Menggunakan truk, warga Napun Gete mendatangi DPRD Sikka menuntut kejelasan ganti rugi lahannya.

Maumere/BaliNewsNetwork-Puluhan warga pemilik lahan di lokasi pembangunan waduk Napun Gete di Desa Ilimedo dan dan Desa Werang, Kecamatan Waiblama, Kabupaten Sikka menuntut agar pemerintah segera memberikan biaya ganti rugi atas lahan, pemukiman serta tanaman perdagangan mereka di kawasan terdampak. Mengingat saat ini pembangunan fisik waduk Napun Gete sudah mulai dilakukan.

Hal ini sesuai dengan surat pernyataan kesepakatan antara  Bupati Sikka Drs. Yoseph Ansar Rera, Ketua DPRD Sikka Rafael Raga, SP, bersama pemerintah kecamatan dan desa serta Forum Petani Napun Gete dan pemilik lahan. Salah satu poin kesepakatan tersebut adalah  bahwa untuk pembebasan lahan seluas 24 hektar  dijanjikan akan dibayar pada akhir tahun 2016. Ternyata, sampai sekarang ganti rugi itu belum direalisasikan oleh  pemerintah.

WARGA NAPUN GETE-1

Warga Napun Gete di kantor DPRD Sikka

Mereka mengancam, jika tidak segera dibayar maka  seluruh pemilik lahan akan melakukan unjuk rasa pada tanggal 23 Januari 2017 mendatang. Selain itu meminta kepada pemerintah untuk menghentikan seluruh pembangunan fisik waduk Napun Gete sambil menunggu adanya kesepakatan harga antara pemerintah dan pemilik lahan.

Hal itu dikatakan Ketua Forum Petani Napun Gete  Paulus Yan Sani sebagai perwakilan puluhan pemilik lahan terdampak pembangunan Waduk Napun Gete dalam rapat dengar pendapat antara pemilik lahan, pemerintah, BPN dan DPRD Sikka, Senin (16/1/2017) siang.

“Kami butuh kejelasan, kalau sampai tanggal 23 Januari 2017 belum terbayarkan kami akan melakukan aksi.

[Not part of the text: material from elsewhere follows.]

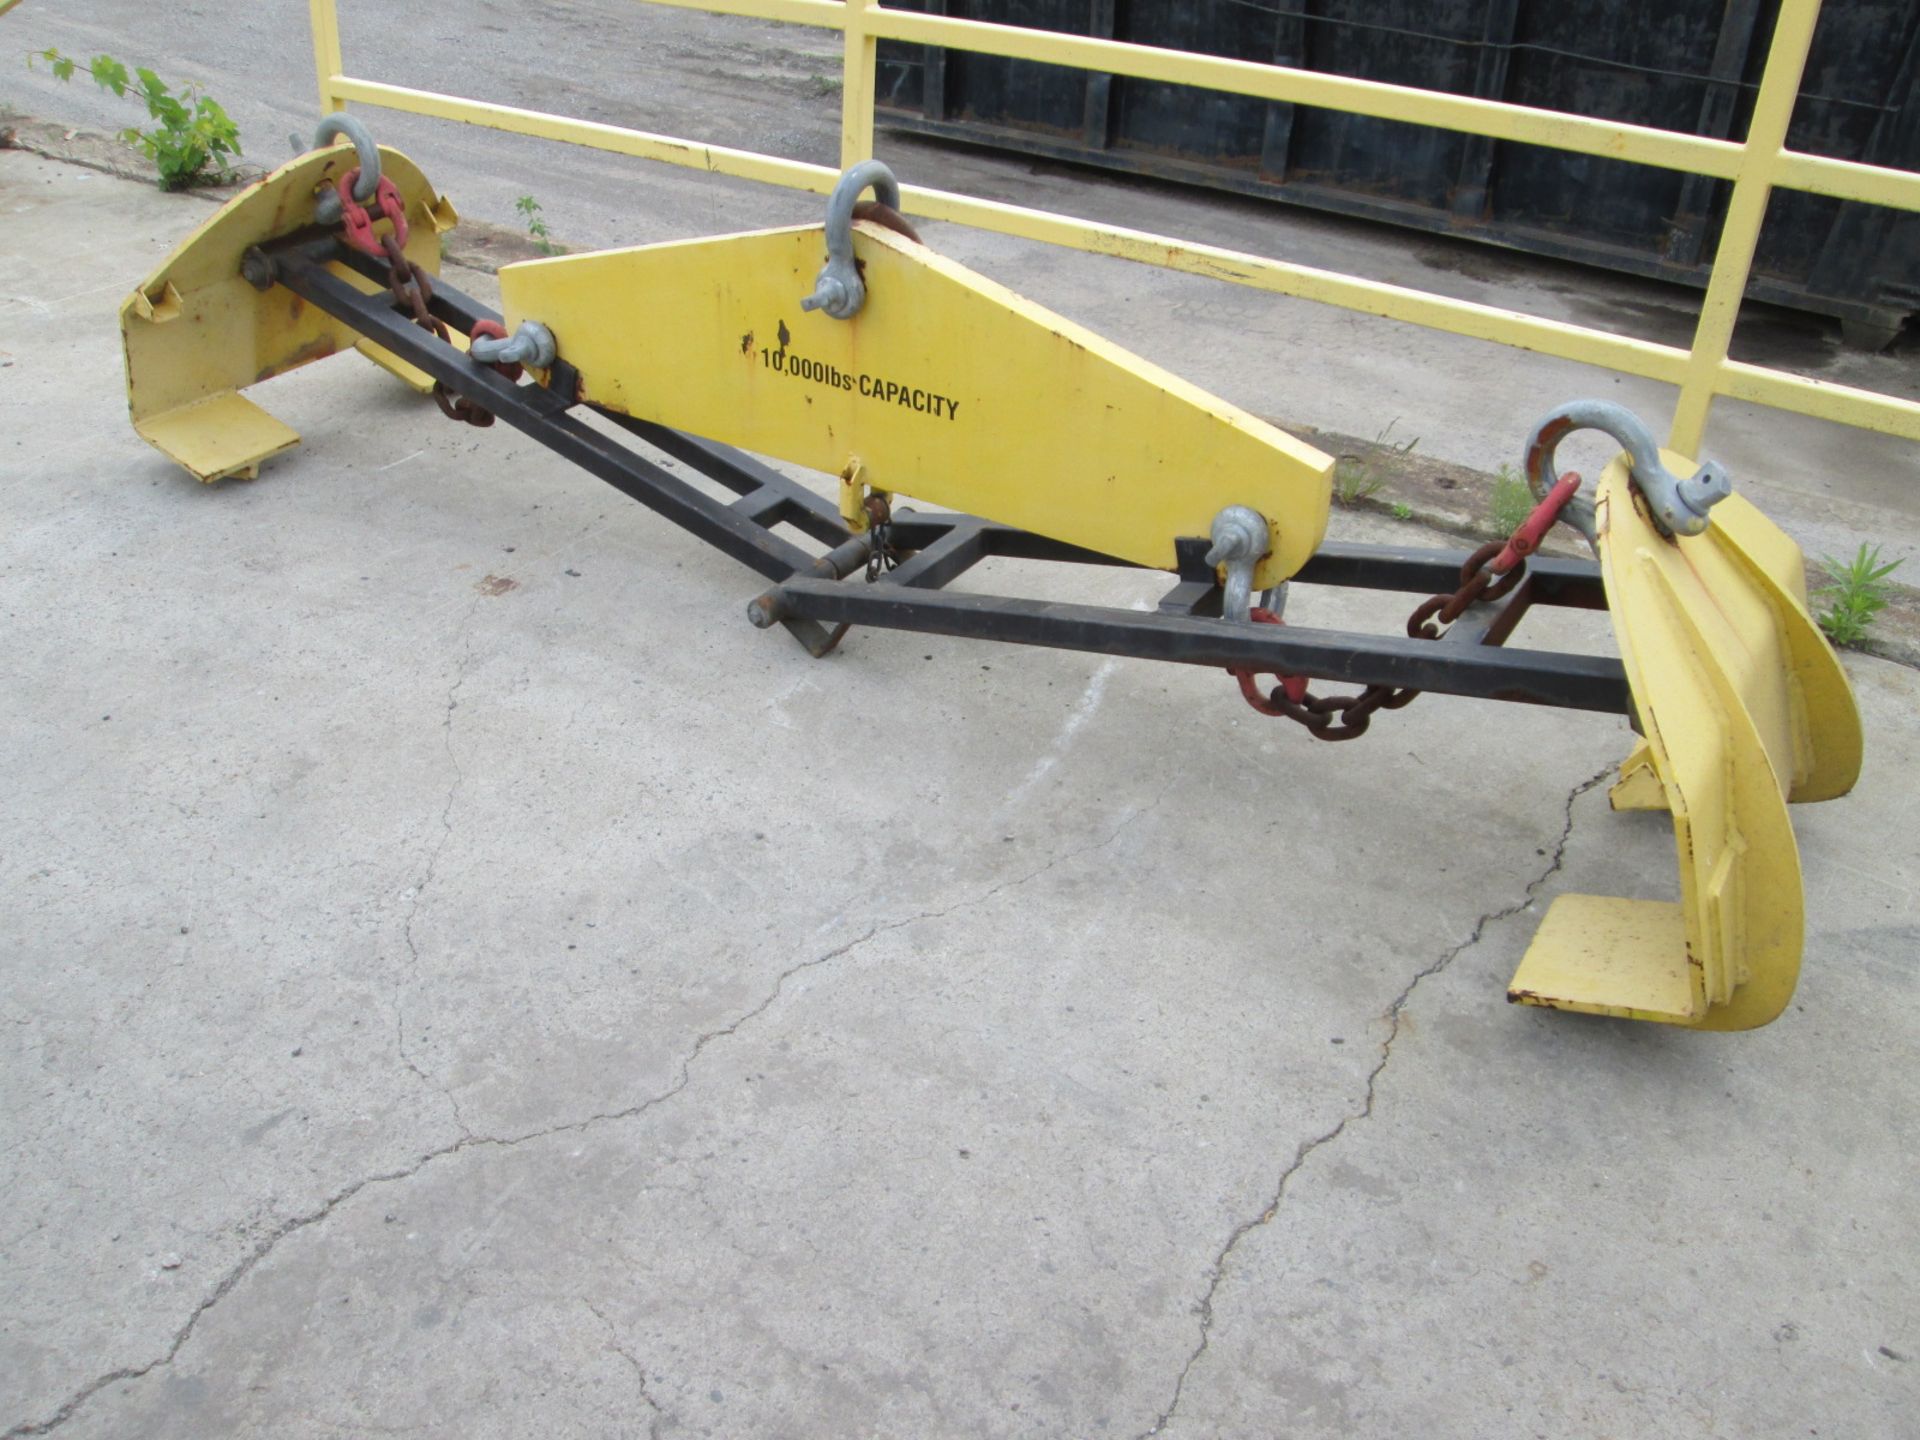 Steel plate or bar lifter - 9' max width or length - capacity 10,000lbs or 5 ton
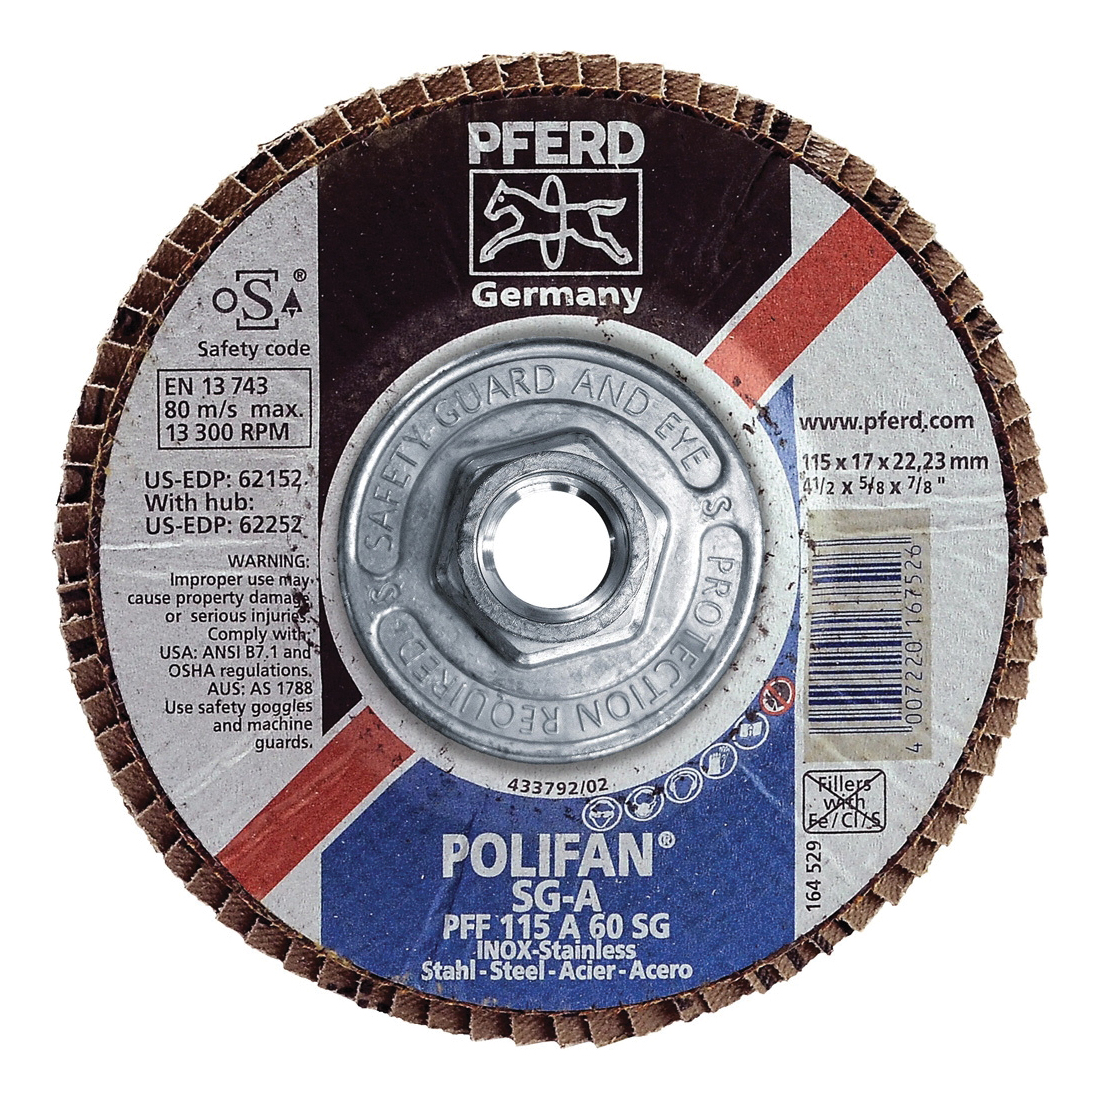 PFERD Polifan® 62252 Performance Line SG A Threaded Coated Abrasive Flap Disc, 4-1/2 in Dia, 60 Grit, Aluminum Oxide Abrasive, Type 27 Flat Disc

Mulai sekarang hentikan segala pembangunan fisik di lokasi Waduk Napun Gete, sampai pemerintah bayar ganti rugi atas lahan dan pemukiman warga terdampak,” kata Paulus Yan Sani.

Menurut Yan Sani, hingga saat ini dari total 224 bidang tanah dengan luas 161 hektar lebih, para pemilik lahan belum mengetahui berapa nilai ganti rugi dari pemerintah dengan berbagai alasan. Hal itu menimbulkan rasa tidak puas di kalangan pemilik lahan karena pekerjaan fisik sudah dilakukan sejak bulan Desember 2016.

Dalam kesempatan itu, Plt. Kepala Dinas PU Kabupaten Sikka Agustinus Boy Satrio menyampaikan,  pemerintah masih menunggu perhitungan yang dilakukan tim apraisal dari lembaga indipenden sebagai lembaga terpercaya untuk menghitung nilai kerugian para pemilik lahan sesuai dengan klasifikasinya.

“Pemerintah belum membayarkan karena  masih menunggu hasil perhitungan tim apraisal yang saat ini sedang berjalan. Dari hasil perhitungan tim apraisal akan disampaikan kepada pemilik lahan untuk dibayarkan secara bertahap,” kata Boy Satrio.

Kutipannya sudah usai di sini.